How would you implement this Solution class to efficiently handle the pick operation, ensuring each valid index has an equal probability of being returned? What are the time and space complexity of your solution?

Sample Answer
import random

class Solution:

    def __init__(self, nums: list[int]):
        self.nums = nums

    def pick(self, target: int) -> int:
        indices = [i for i, num in enumerate(self.nums) if num == target]
        return random.choice(indices)


# Your Solution object will be instantiated and called as such:
# nums = [1, 2, 3, 3, 3]
# obj = Solution(nums)
# param_1 = obj.pick(3)
# print(param_1)

Brute Force Solution

The provided solution is a brute-force approach to solve the problem. It iterates through the entire array to identify all indices where the element matches the target, and then randomly selects one of these indices. This is straightforward and easy to understand.

Optimal Solution

The provided solution is reasonably optimal for this problem, especially considering the constraints (at most 10^4 calls to pick). More advanced techniques (like using a hash map to pre-compute indices) might offer marginal improvements, but the overhead of building the hash map could negate the benefits if pick is called infrequently.

Big(O) Run-Time Analysis

The __init__ method takes O(1) time because it simply stores a reference to the input array.

The pick method has a time complexity of O(n), where n is the length of the nums array. This is because, in the worst-case scenario (e.g., when every element in the array equals the target), it has to iterate through the entire array to find all indices that match the target value.

Big(O) Space Usage Analysis

The __init__ method takes O(1) space, as it only stores a reference to the input array, not making a copy.

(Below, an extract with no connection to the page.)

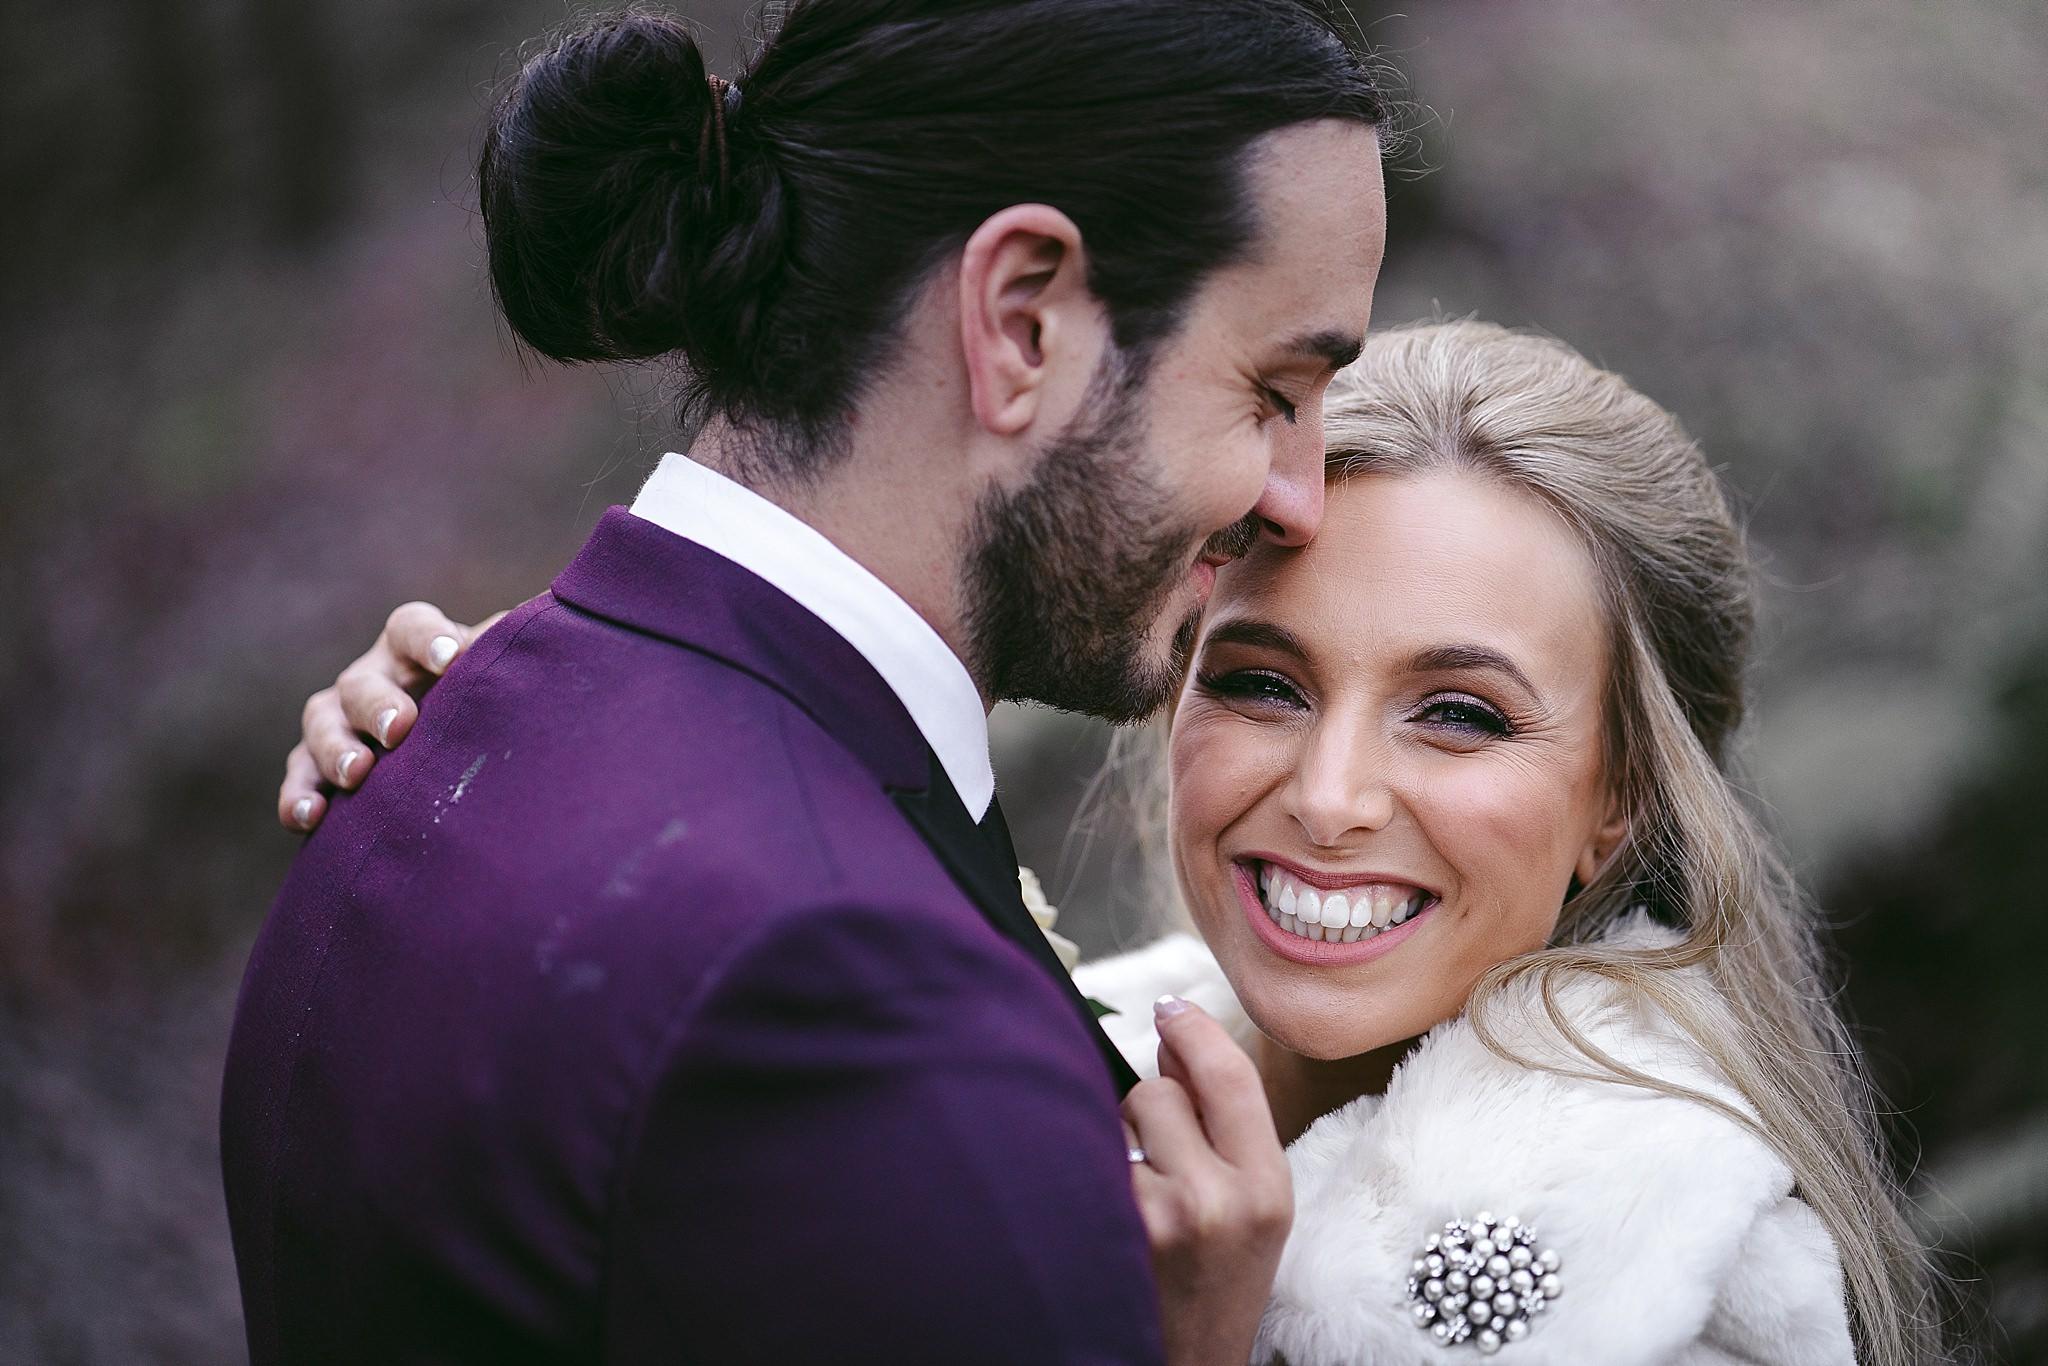 aga-tomaszek-wedding-photographer-cardiff-2016_1031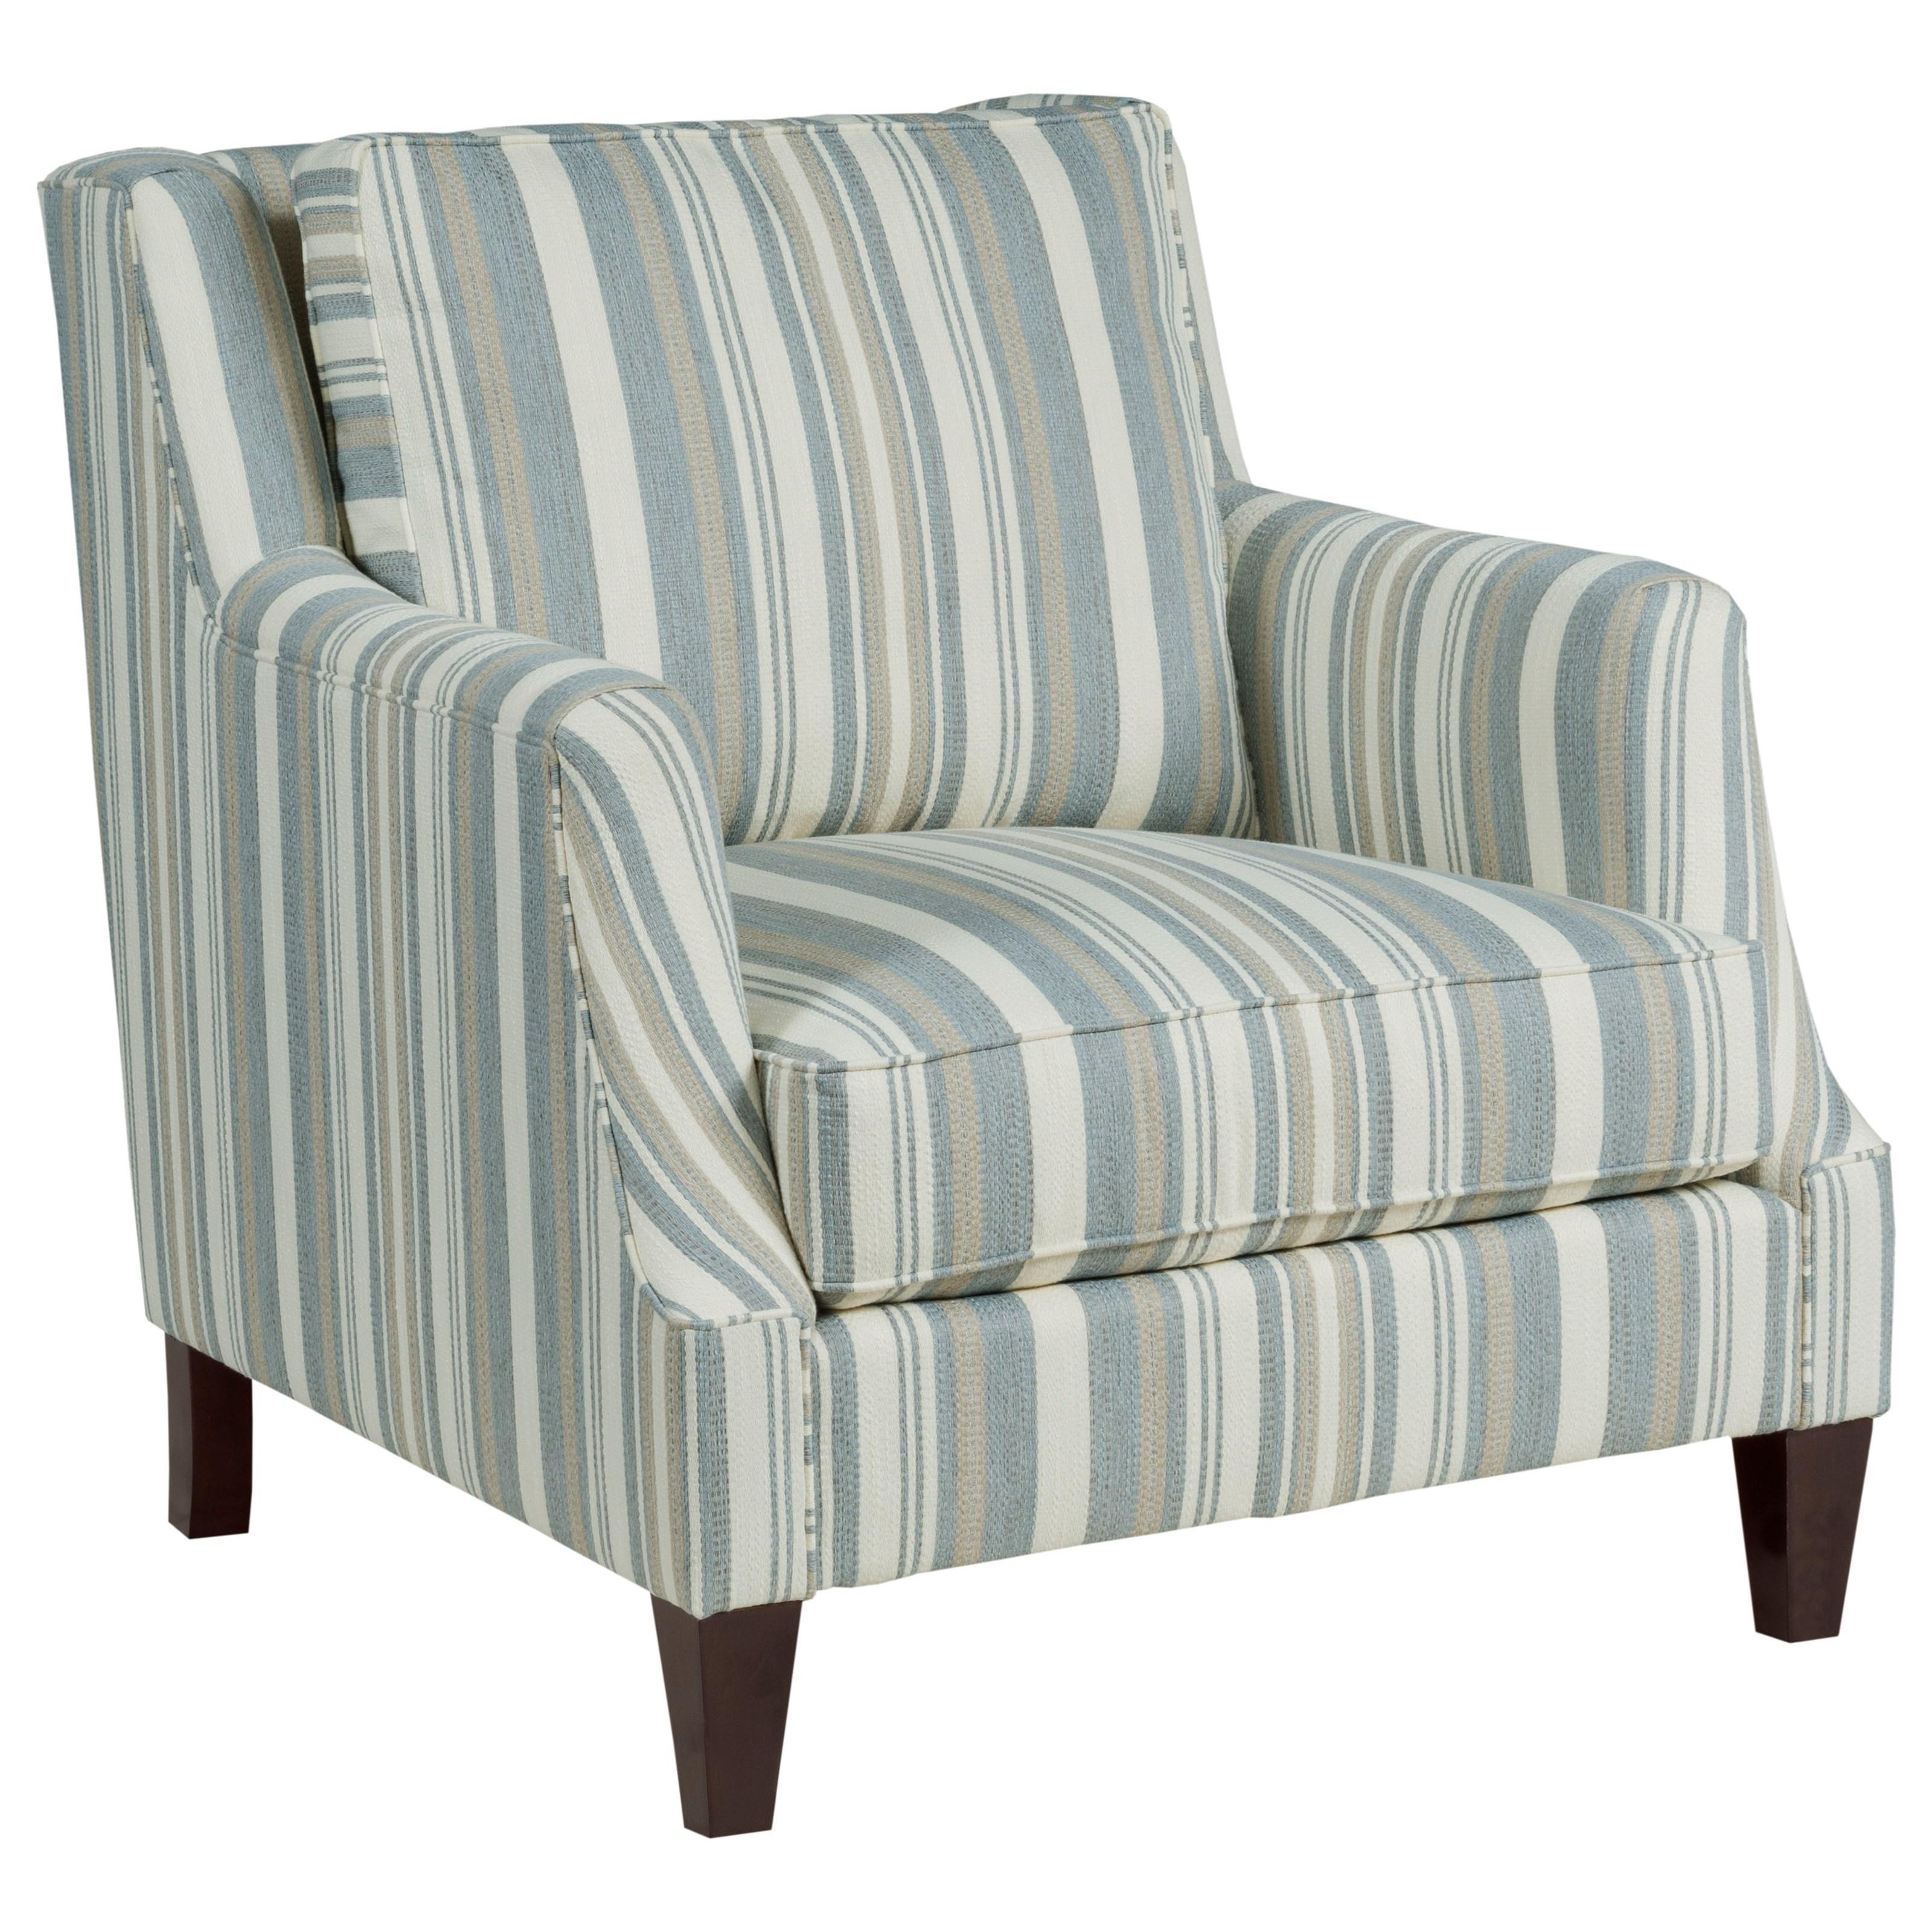 Vivian Vivian Chair by Kincaid Furniture at Johnny Janosik

The pick method takes O(k) space, where k is the number of occurrences of the target value in the array. In the worst-case scenario, where every element in the array is equal to the target value, k would be equal to n, and the space complexity would be O(n).

Edge Cases

  1. Empty Array: If the input array is empty, the code will still run but the pick method will fail if called, because there will be no target to pick. This is avoided by the constraint that 1 <= nums.length.
  2. Target Not Found: The problem states that the target is guaranteed to be in the array. If the target were not in the array, the indices list in pick would be empty, causing random.choice to throw an error. This scenario is prevented by the problem statement.
  3. Large Array, Many Targets: If the array is very large and contains many instances of the target element, the space complexity of pick could become a concern (O(n) in the worst case). However, given the constraints, this is unlikely to be a significant issue.